Oh the blood witll run in the streets!!!!! 

we heard it every time a state was getting Concealed carry and we hear it every time a state is about to pass or looking at Constituonal carry and it never happens 

the stats do show lower violent crime after enacting such legislation


----------



## Pony (Jan 6, 2003)

MO has been open carry for as long as I can remember. Went "official" Constitution carry a few years ago. That's when a lot of people became "legal" as to their choice of carry.


----------



## muleskinner2 (Oct 7, 2007)

The difference between the right to bear arms, and driving a car is clear. No where in the Bill Of Rights does it say the right to drive Shall Not Be Infringed. And the problem of the violence that is increasing daily is just as clear. When someone commits a violent crime, punish them, not everyone else. 

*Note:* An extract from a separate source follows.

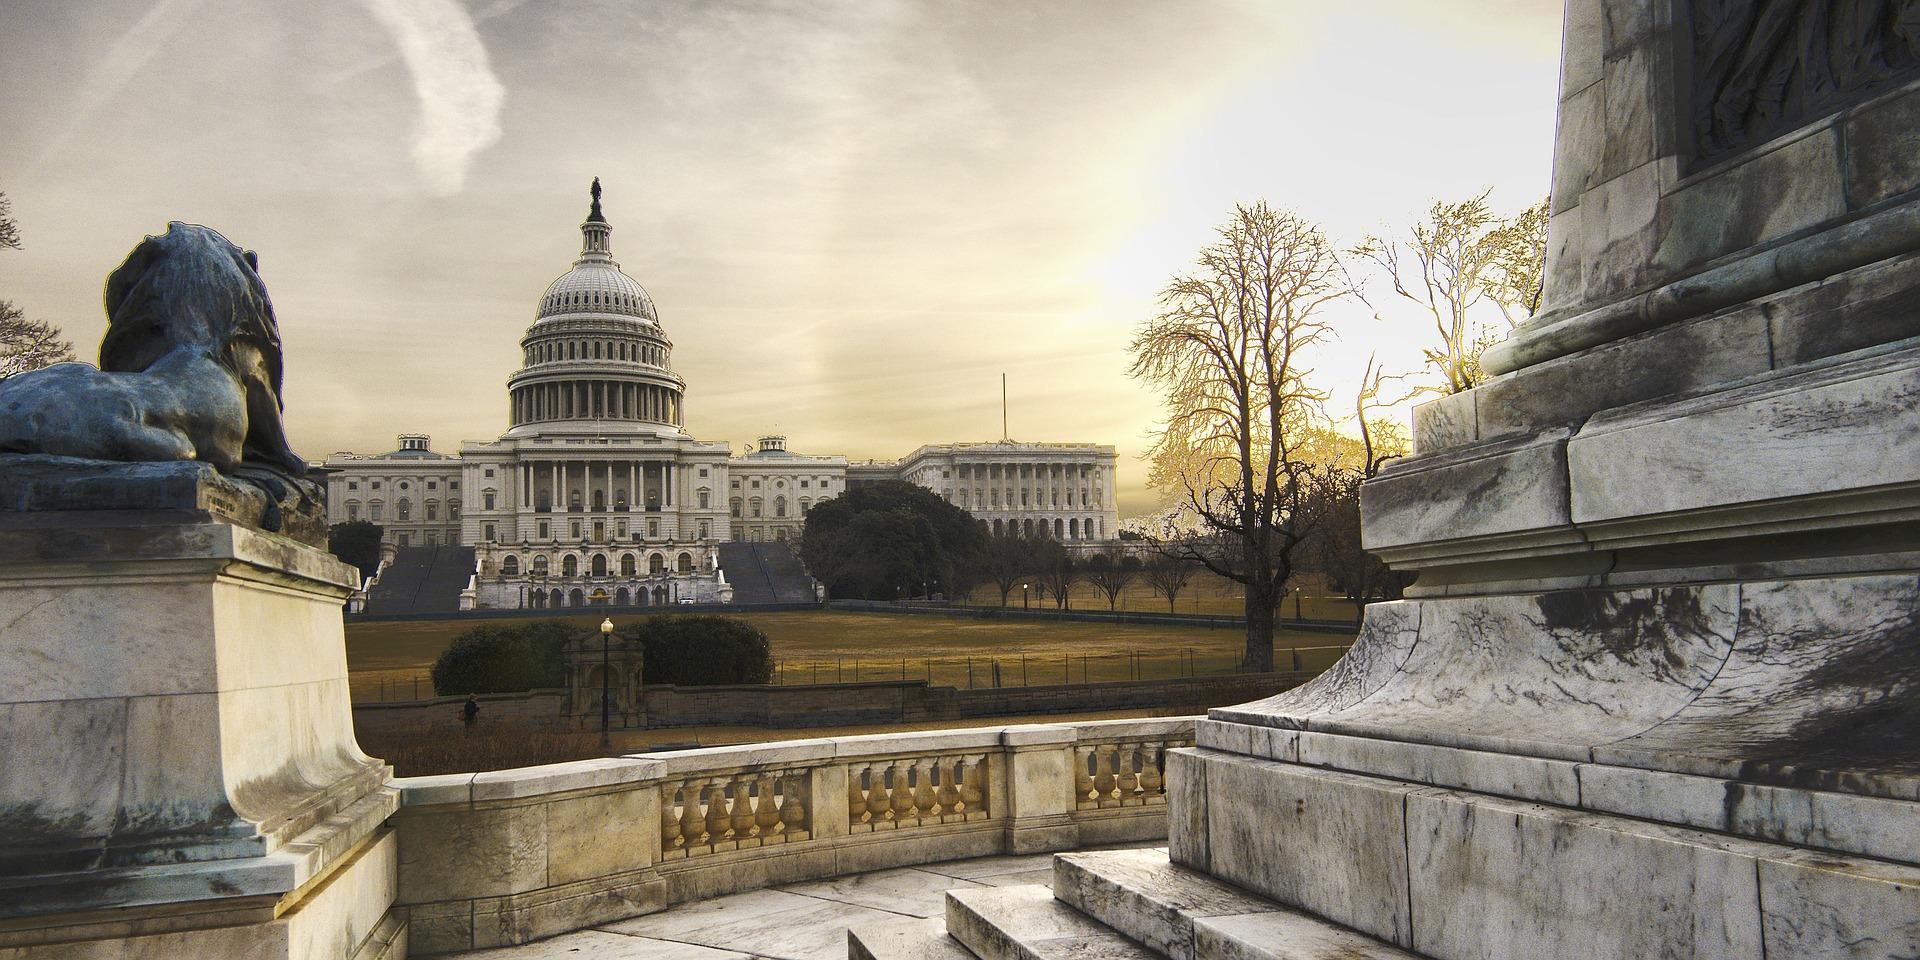 Capitol Building (Image credit: Pixabay)
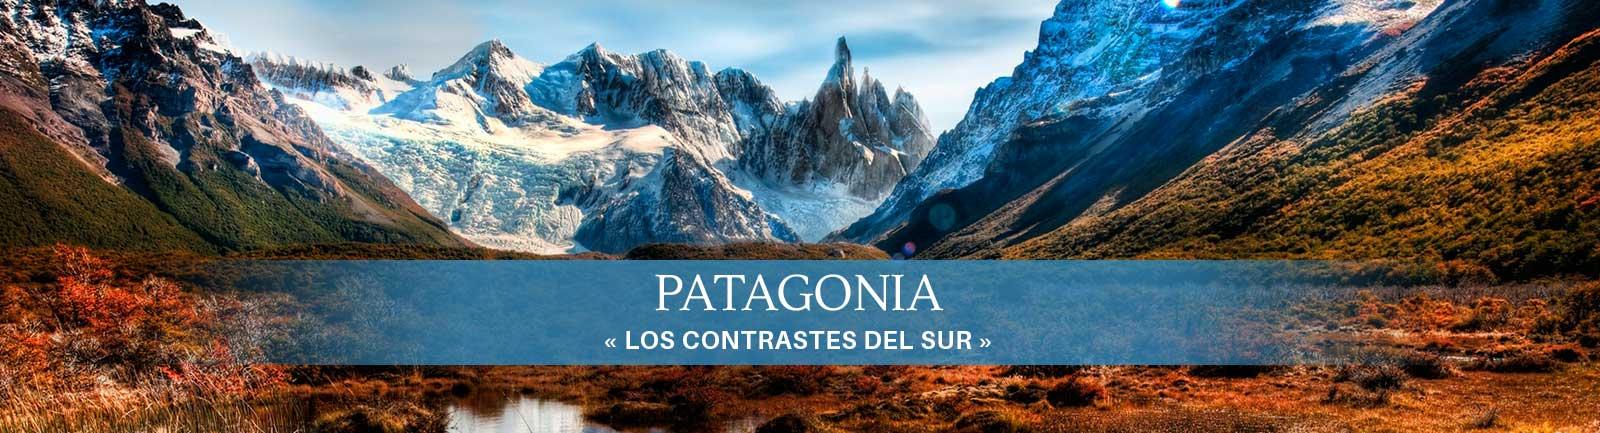 Crucero Patagonia

We bend over backwards to accommodate criminals, and lessen their punishments. While passing unnecessary laws, that turn law abiding citizens into criminals.


----------



## Tom Horn (Feb 10, 2021)

muleskinner2 said:


> The difference between the right to bear arms, and driving a car is clear. No where in the Bill Of Rights does it say the right to drive Shall Not Be Infringed. And the problem of the violence that is increasing daily is just as clear. When someone commits a violent crime, punish them, not everyone else.
> 
> We bend over backwards to accommodate criminals, and lessen their punishments. While passing unnecessary laws, that turn law abiding citizens into criminals.


----------



## Evons hubby (Oct 3, 2005)

Anyone confused about why we all should keep and bear arms need to turn on the news media of their choice! It’s blatantly obvious!


----------



## GREENCOUNTYPETE (Jul 25, 2006)

Tom Horn said:


> View attachment 107323


because gun control isn't about guns , it's about control , how do you best soften up the citizenry while convincing most of them it is their idea , selling serfdom as public safety.


----------



## Tom Horn (Feb 10, 2021)

GREENCOUNTYPETE said:


> because gun control isn't about guns , it's about control , how do you best soften up the citizenry while convincing most of them it is their idea , selling serfdom as public safety.


----------



## Tom Horn (Feb 10, 2021)

Evons hubby said:


> Anyone confused about why we all should keep and bear arms need to turn on the news media of their choice! It’s blatantly obvious!


----------



## Tom Horn (Feb 10, 2021)

GREENCOUNTYPETE said:


> huzzah for Ohio , finally recognizing a citizens rights!
> 
> the drivers licensing as an example is flawed , since 2020 they have been passing out test free drivers licenses
> 
> ...


----------



## Danaus29 (Sep 12, 2005)

One of the reasons Gov. DeWine signed the bill was the increased gun violence in the state. Most gun offenders are criminals with illegal guns. The I-71 shooter was not legally allowed to have a gun. The car comparison is an apples and oranges debate. Certain criminals and mental health patients are not allowed to own guns, but they are allowed to drive a car. If you kill a person with a car, they don't confiscate your car while they conduct an investigation.


----------



## BobbyD (Jul 1, 2020)

The gun rights laws will be repealed when black Americans start carrying guns.The reason for carrying guns is white people's fear of black people.White peoples fear will demand disarming black people.


----------



## Kiamichi Kid (Apr 9, 2009)

BobbyD said:


> The gun rights laws will be repealed when black Americans start carrying guns.The reason for carrying guns is white people's fear of black people.White peoples fear will demand disarming black people.


🙄


----------



## Tom Horn (Feb 10, 2021)

BobbyD said:


> The gun rights laws will be repealed when black Americans start carrying guns.The reason for carrying guns is white people's fear of black people.White peoples fear will demand disarming black people.


I trust that was satire.


----------



## Pony (Jan 6, 2003)

Tom Horn said:


> I trust that was satire.


One _hopes_ that was satire... SMH


----------



## GunMonkeyIntl (May 13, 2013)

BobbyD said:


> The gun rights laws will be repealed when black Americans start carrying guns.The reason for carrying guns is white people's fear of black people.White peoples fear will demand disarming black people.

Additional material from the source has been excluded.